The Six sequential phases:

1. Immersion: -data gathering process that shifts innovator's frame of reference, engages emotions, helps with seeing and caring about new options 2. Sensemaking: -transform large amounts of data into knowledge while building enthusiasm and emotional commitment. 3. Alignment: -specify agreed upon criteria among stakeholders for effective future design solutions 4. Emergence: -generate ideas collaboratively so that higher order solutions are developed jointly 5. Imagining: -Prototypes help ideas feel real to users and teammates 6. Learning in Action: -designing and conducting experiments guiders innovators toward becoming learners

5 categories of outcomes

1. Increased solution quality: -reducing biases and holding innovators longer in problem space 2. Improved implementation and adoption -greater employee engagement and better conversations 3. Network capability and resource use: -shared purpose, commitment to collaborate, and pooling resources 4. Trust building: -promoting autonomy, using local intelligence, and bringing in outside assistance from stakeholders 5. Individual psychological benefits: -mindsets, beliefs, skillsets, creative confidence, psychological safety, and willingness to try new things.

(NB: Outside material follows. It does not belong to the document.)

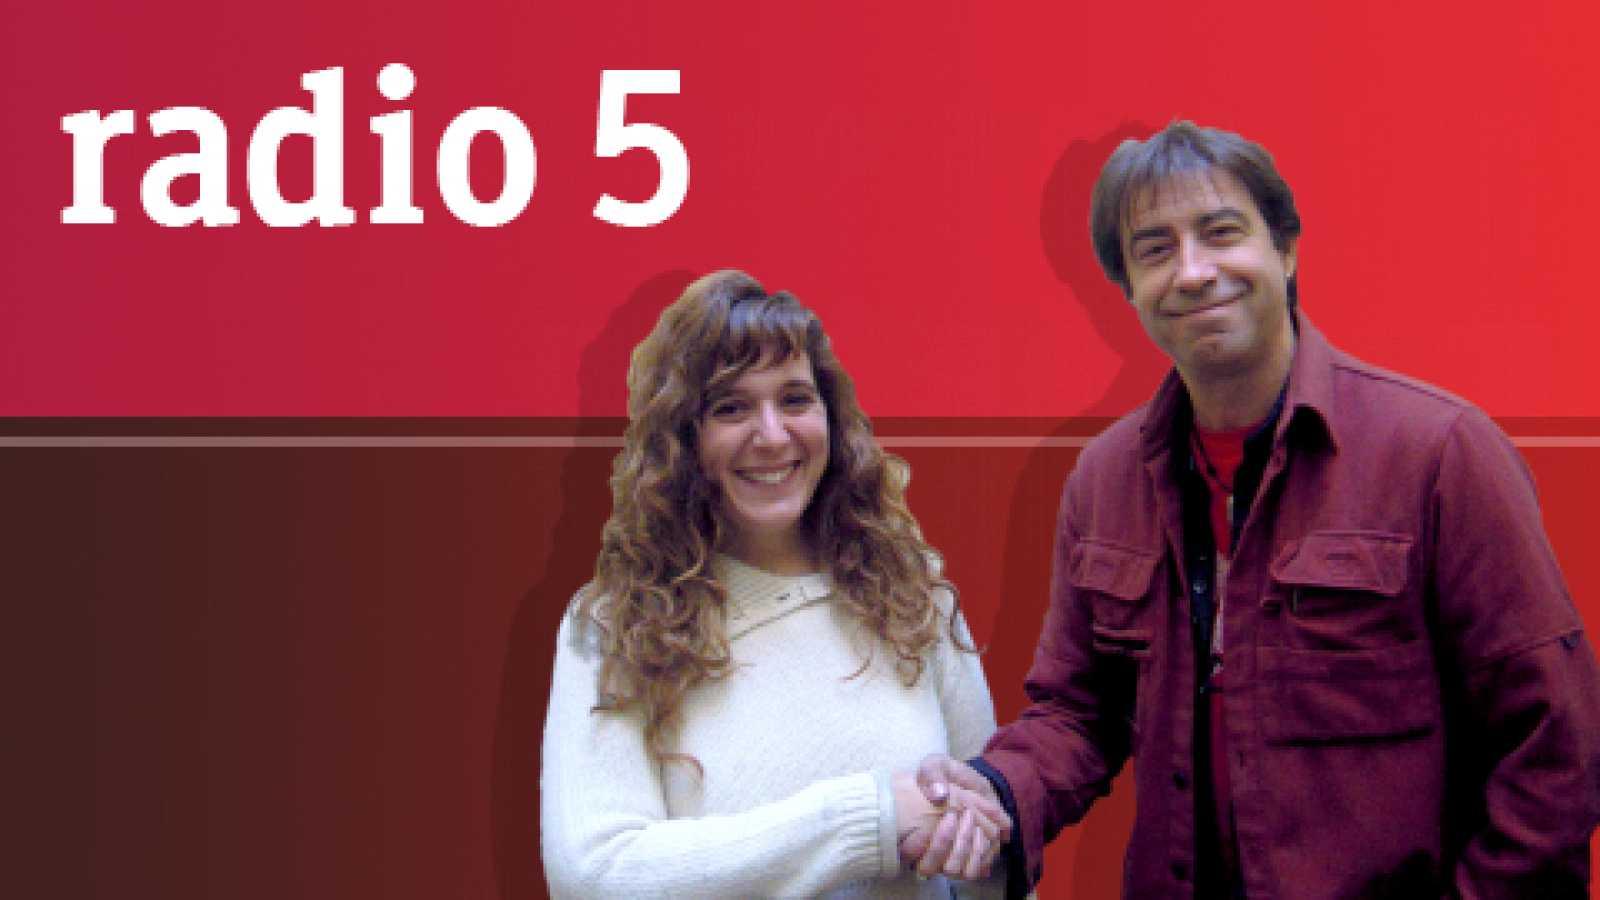 Mediacción - Asociación de vecinos - 27/04/15 - escuchar ahora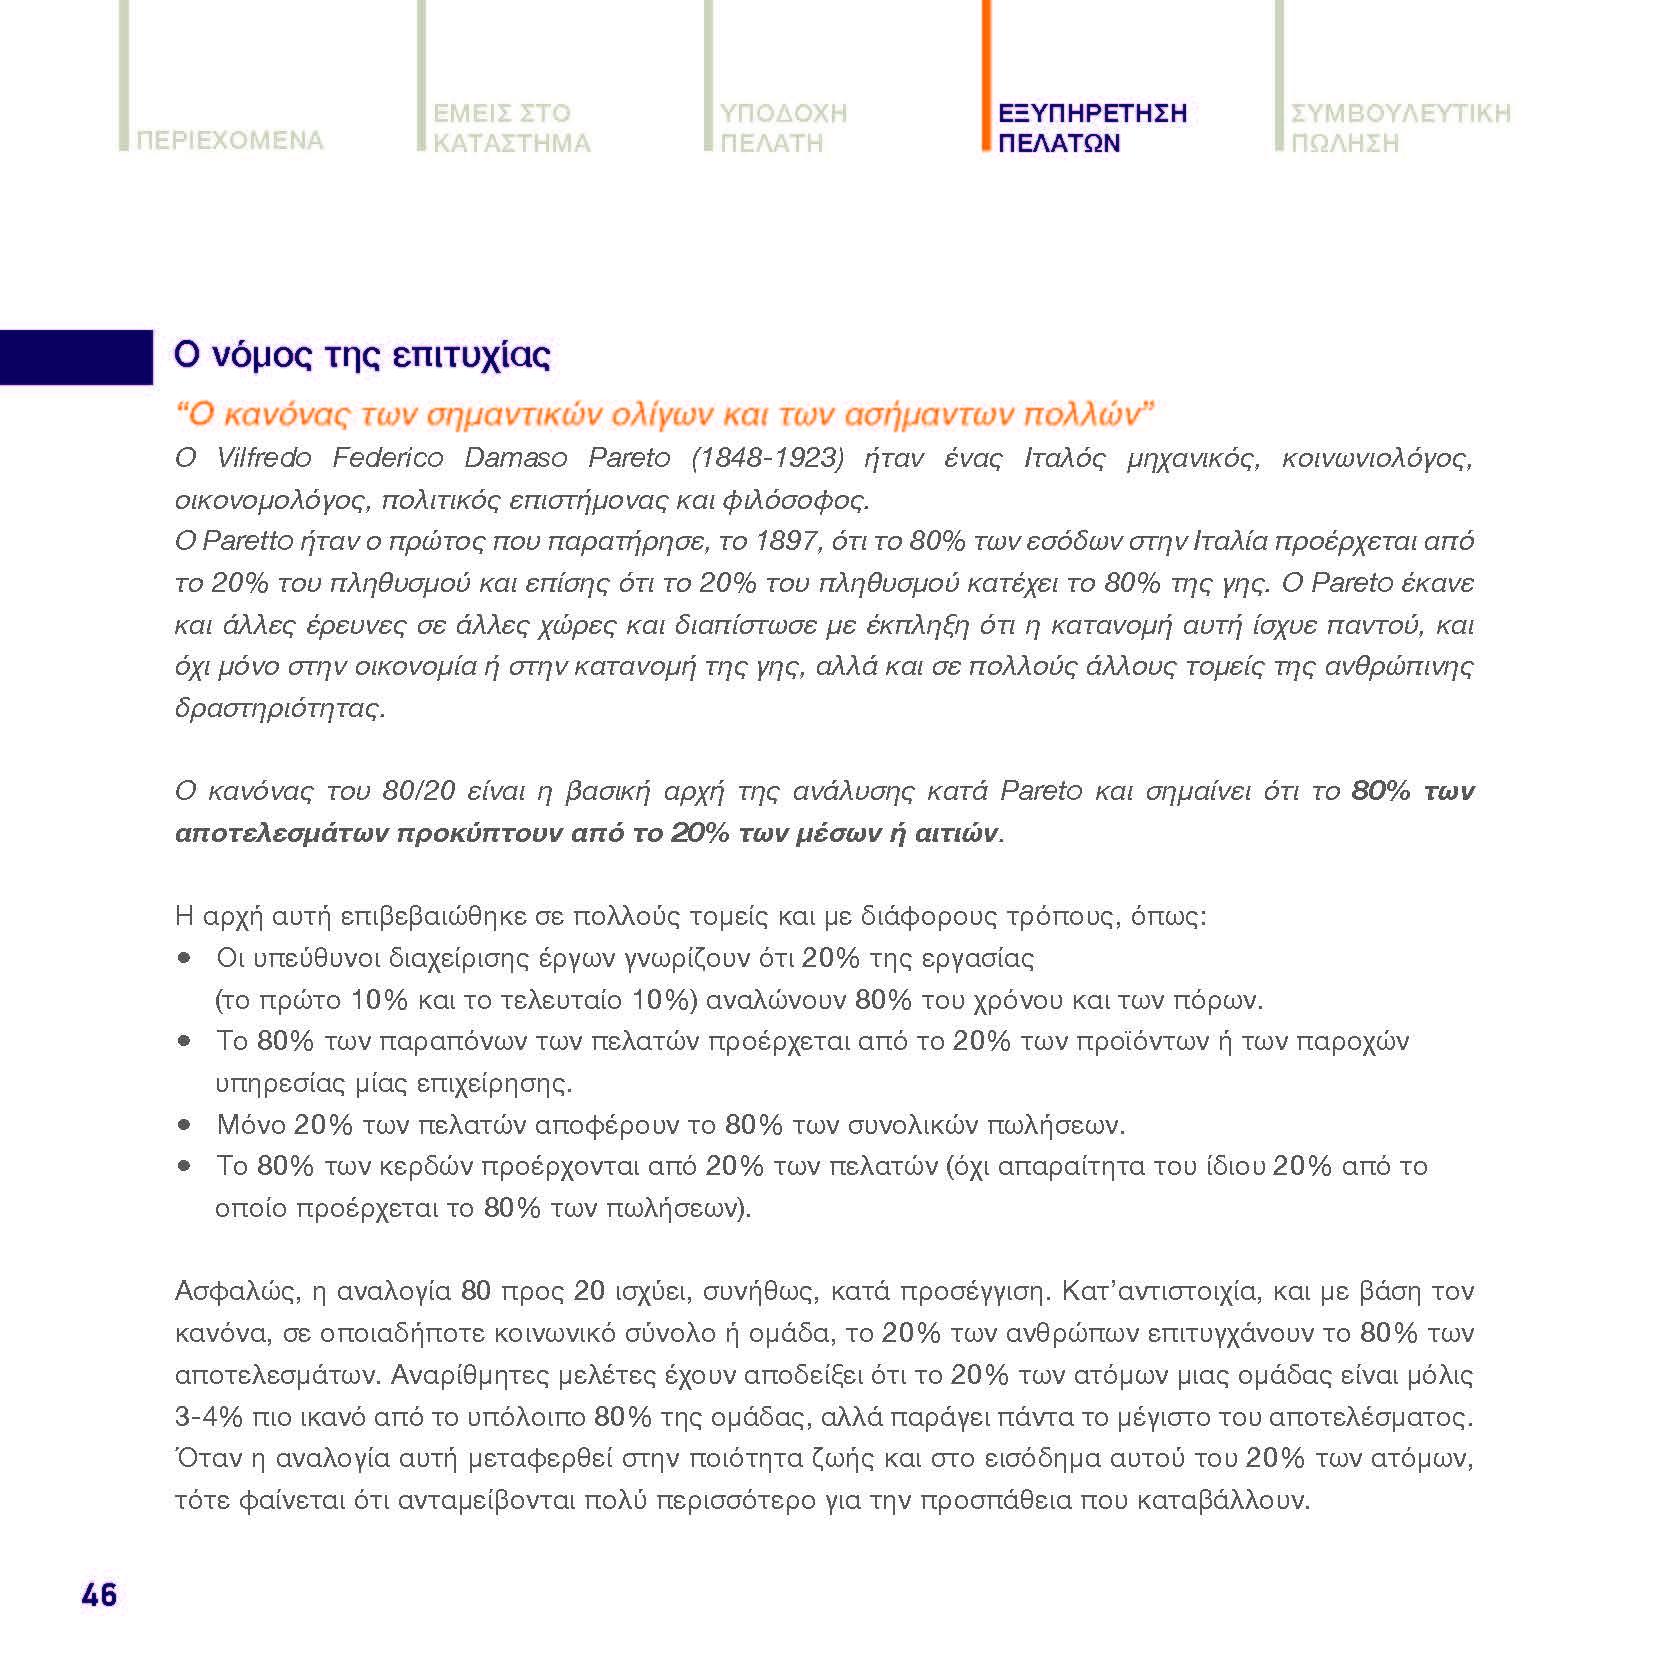 https://www.jib.gr/wp-content/uploads/2020/09/OPTIMA-BANK-BOOKLET-WEB_Page_046.jpg

8 suggestions about using visualization

1. Keep it Simple -Stick figures for actors -Use of color in meaningful ways (rather than random) -Causes people to express their feelings more deeply (nurses on roller skates) 2. Break Problems Down Into Component Parts (Chunks) -Who, what, how much, where, when, how, why. -Each members draws these individually and then share distinct images with team to see how these differ. 3. Use Metaphors and Analogies -Stress connections between seemingly unrelated things and makes these seem more familiar and understandable -Identify deep relationships 4. Use Photos -Expresses more than words could. -Helps makes customers real. 5. Use Storyboarding -Setting -People -Speech -Thoughts -Tools used 6. Create Profiles and Personas -Vivid descriptions of typical target customers by mixing in what you learned from observation. -Make their experience real for the team. 7. Tell Stories -We think in narratives rather than just as lists of points. By emphasizing aspects of individual experience and by incorporating emotional content into our narratives, we make the ideas feel more real by building empathy and identification with characters (personas) in our story 8. Practice Guided Imagery -To best understand visualization it can be helpful to have someone trained in visualization to lead you (or those you are studying) through an extensive visualization exercise where they can envision themselves in an idea state solving their problem or addressing their need. If they can envision it vividly in their mind then they might be able to better share with you what they saw about how they overcame the problem or met the need.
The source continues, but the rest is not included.